Hava serin, kimi zaman soğuk, çok soğuk. Evlerde yanan şöminelerin dumanı burnumuza doluyor. Biz de öğrenmişiz şömine yakmayı. Üçgen çadır kurmak gerekiyor odunlardan. İznik çarşıdan alınan bol reçineli çıraları da çadırın ortasına yerleşince harlayan alevlere bakarak saatler geçirebiliyoruz. Yıllar geçiyor… Biz Darka’ya arkadaşlarımızla, sevgililerimizle gidiyoruz. Kozalaşma bitmiş. Bereleri atkıları kuşanıp balkona sofra kuruyor, şöminede kızarttığımız sucukları İznik fırından aldığımız sıcacık köy ekmeğine bana bana yiyoruz. Sonbaharda Darka’da hep rejim bozuluyor. Bazen de ders çalışmaya, ödev yazmaya, tez bitirmeye gidiyoruz Darka’ya. Arka planda şömine çıtırdarken biz konuşmadan, çay almak için bile yerimizden kalkmadan derslerimize gömüldüğümüz doksan dakikalık vardiyalarla çalışıyoruz. Sonraki doksan dakikada ise ders kitabı kapağı açmak yok. Tertemiz serin havayı ciğerlerimize çekerek göl kıyısında pedal çeviriyoruz yine. Sahil bomboş. Göl buz gibi. Kumlarda kurumuş sazlar. Gazeteler kupon ile bisiklet dağıtmaya başladığı için artık modern bisikletlerimiz de var. Onları arkadaşlarımıza sunup biz Yasemin’le yine Otomoto ile Rogue’un selesine atlıyoruz.
SAYFA-BOLUMU
Ağaçların yaprakları sarıya dönmüş, bir kısmı iki katlı beyaz evlerin balkonlarına, bahçelerine dökülmüş. Göletlerde ördekler, başlarını sırtlarına gömmüş günün büyük kısmında uyuyorlar. Havada tatlı odun kokusu…

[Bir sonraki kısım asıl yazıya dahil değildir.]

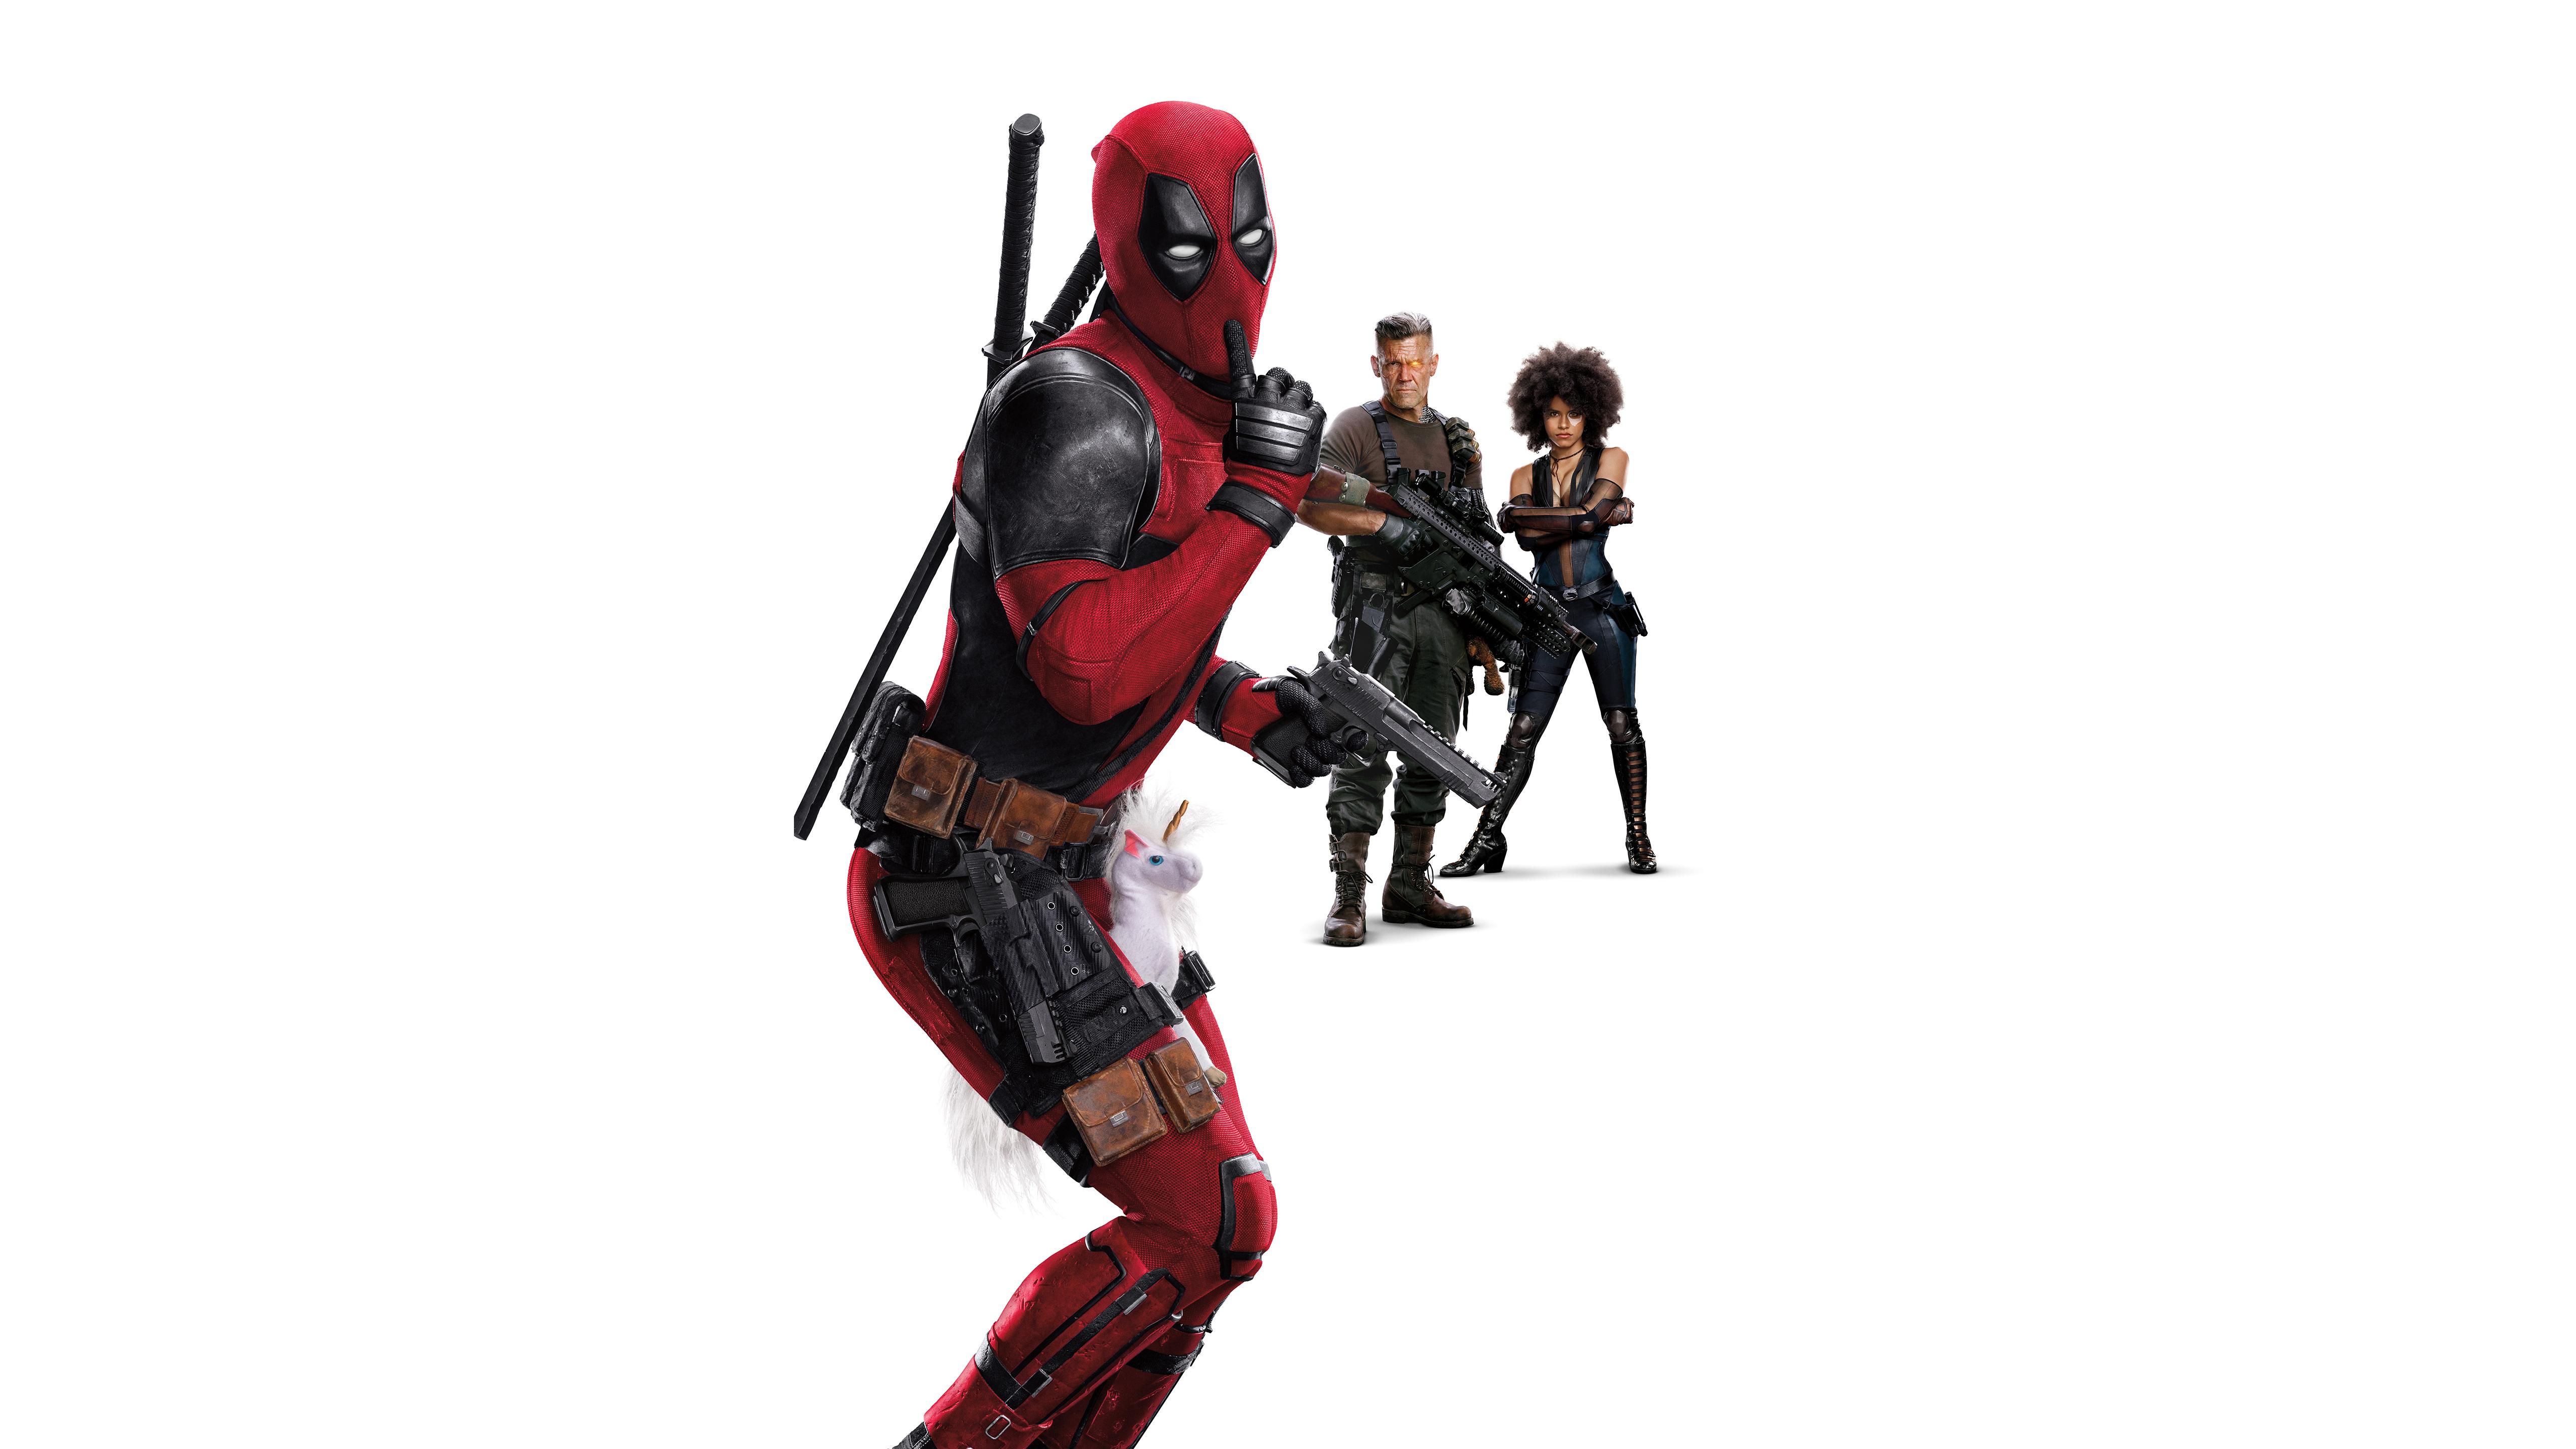 Deadpool 2 Movie 5k, HD Movies, 4k Wallpapers, Images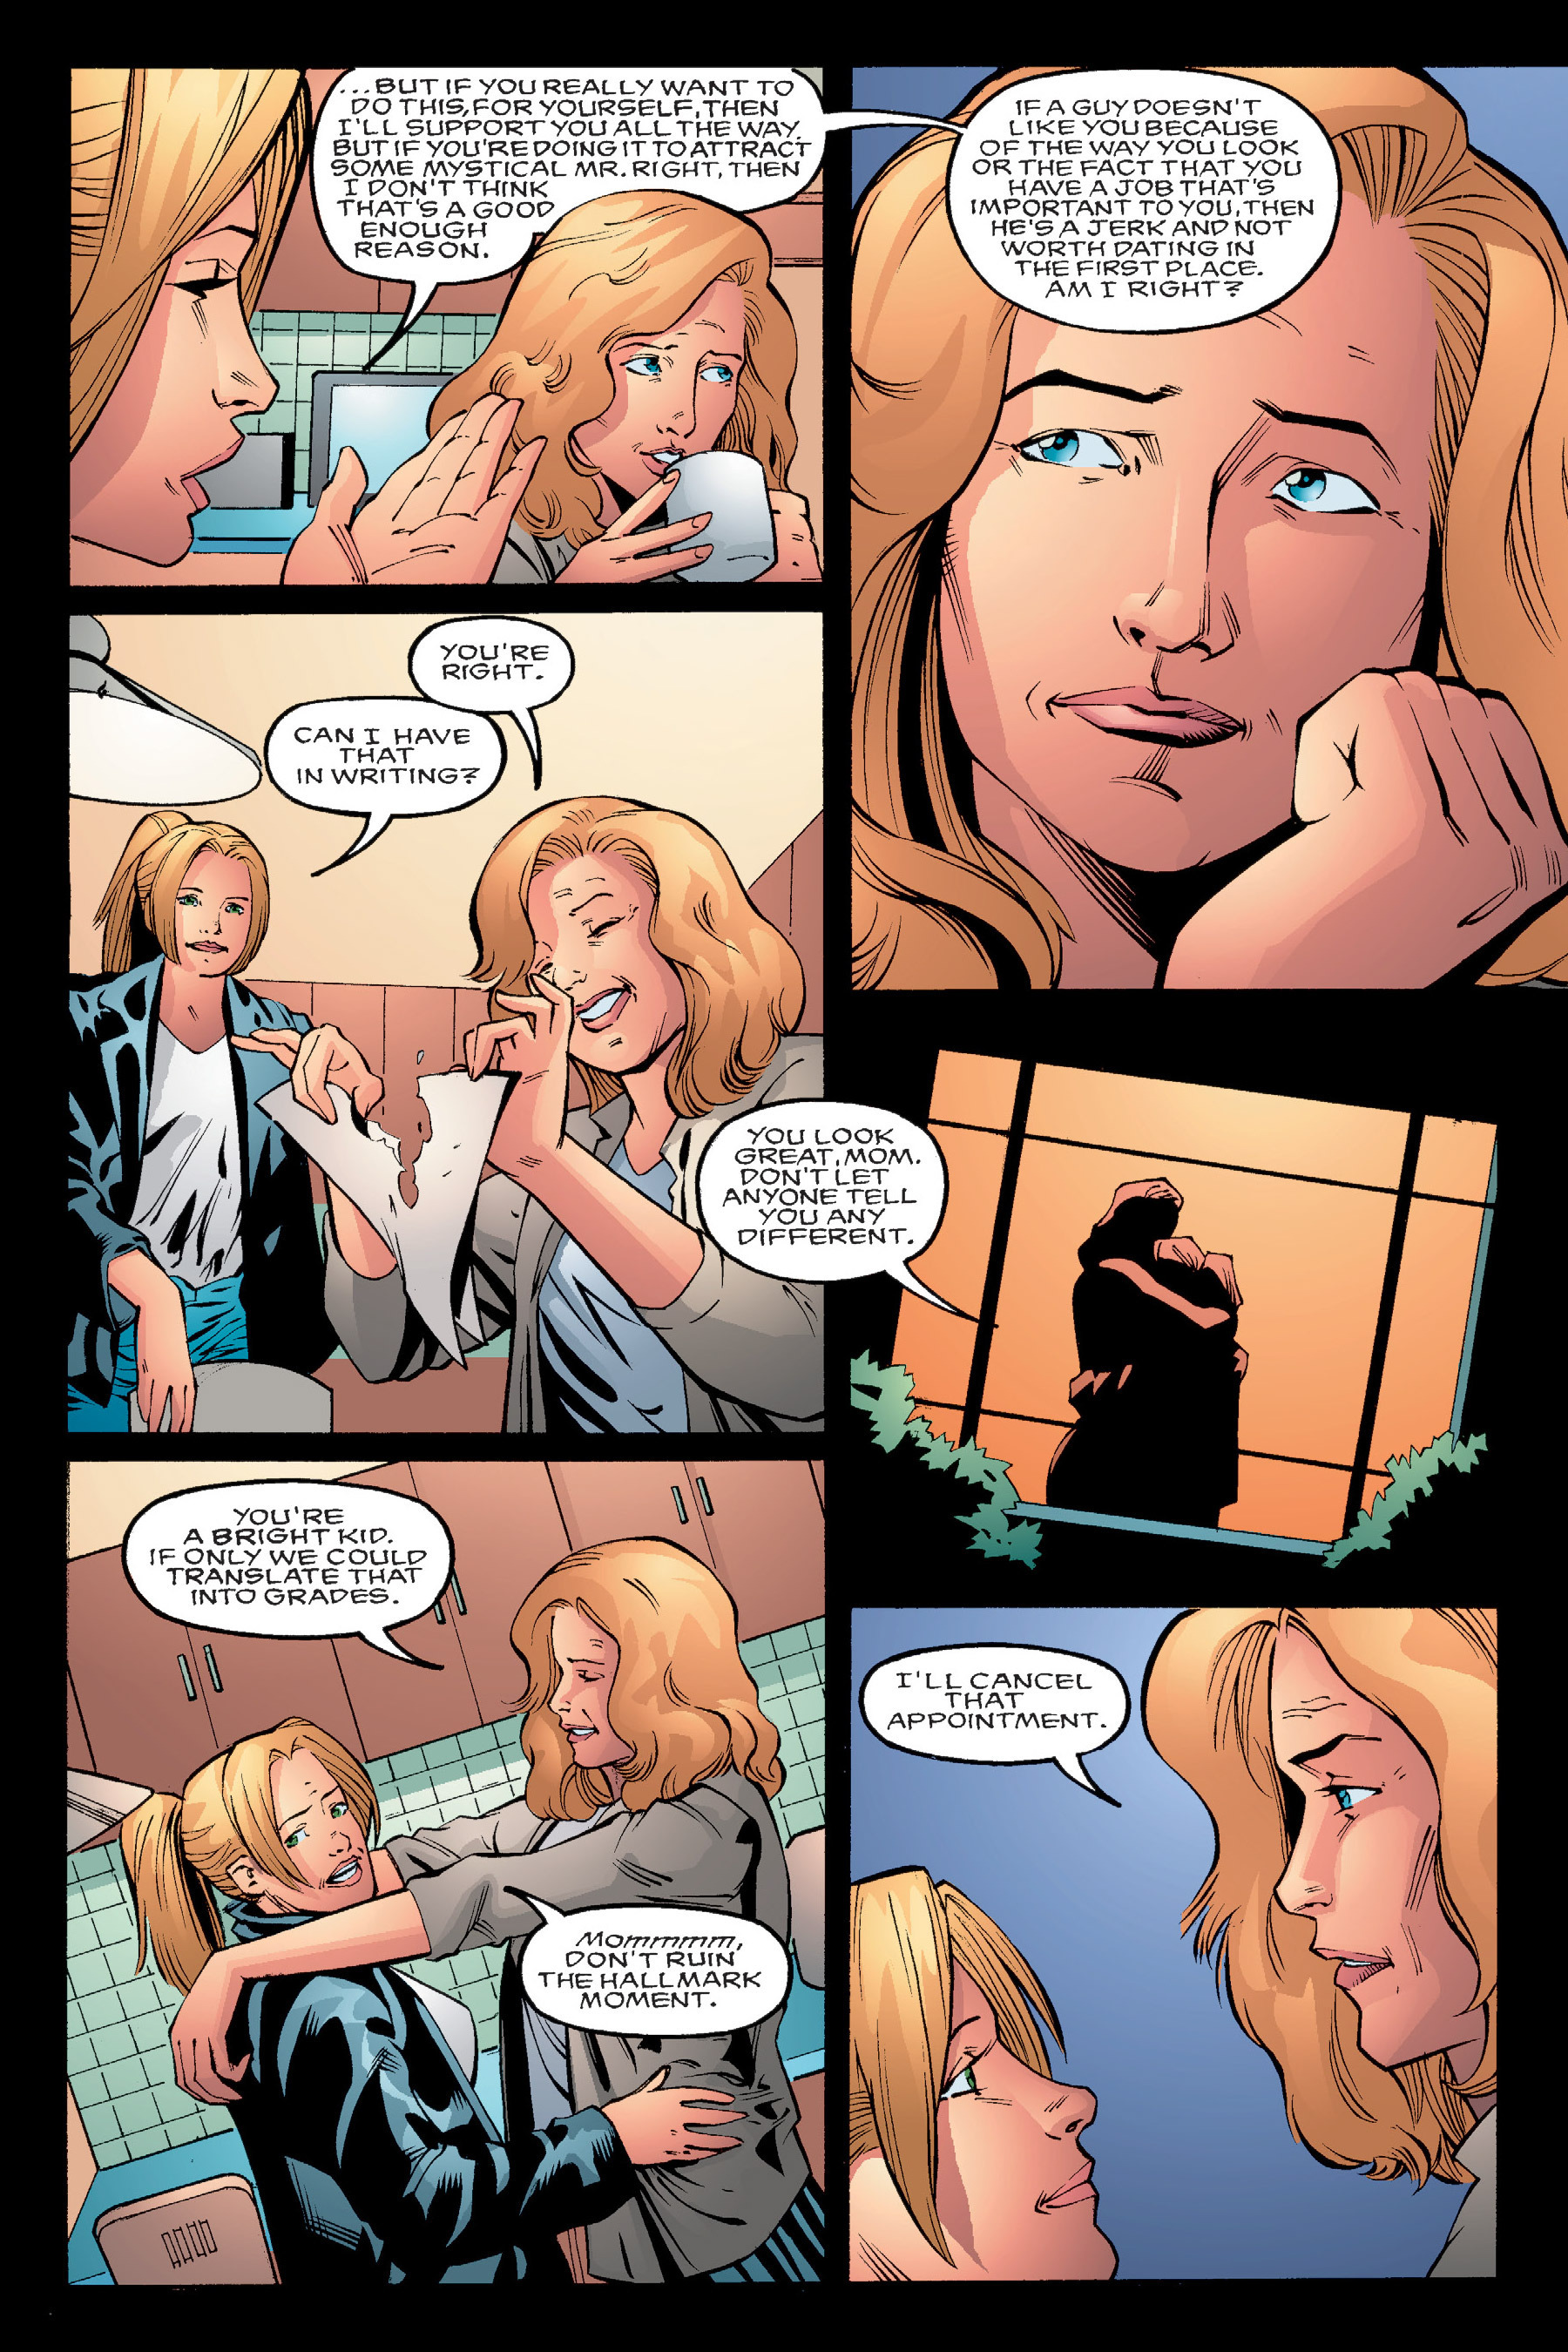 Read online Buffy the Vampire Slayer: Omnibus comic -  Issue # TPB 4 - 27

Sonbahar gelip de bisikletimle Portland’ın sokaklarında gezerken burnuma Darka’daki sonbaharların kokusu doluyor.
Bugün de yaprakları kızarmış ağaçların sıralandığı sokaklarda anılarımı koklaya koklaya bisikletimi sürüp sonunda çaycıya giriyorum. Mahallemizin çaycısı yürüyerek bizim evden on beş dakika uzaklıkta. Bisikletle gelirseniz altı dakika,” hafif yokuş. Burada kahve yok. Yüzlerce çay çeşidi var. Siyah, yeşil, beyaz çay, Hint usulü süt ve şeker ile karıştırılarak pişirilen “chai”, kahve karşıtlarının biricik maddesi mate ve bence çay ile bira karışımı bir sıvı olan kombuça satıyorlar. Bir grup üniversite öğrencisi geçen yıl açtılar bu çayhaneyi. Aralarından bir kaç tanesi üniversitede seçmeli ders olarak Türkçe alıyor. Ben gelince hemen selama duruyorlar, çayımı masama servis ederken Türkçe “Buyurun” demeyi ihmal etmiyorlar. Ben de onlara “Nasılsınız” a alternatif olarak “N’aber, ne var ne yok”u öğretiyorum.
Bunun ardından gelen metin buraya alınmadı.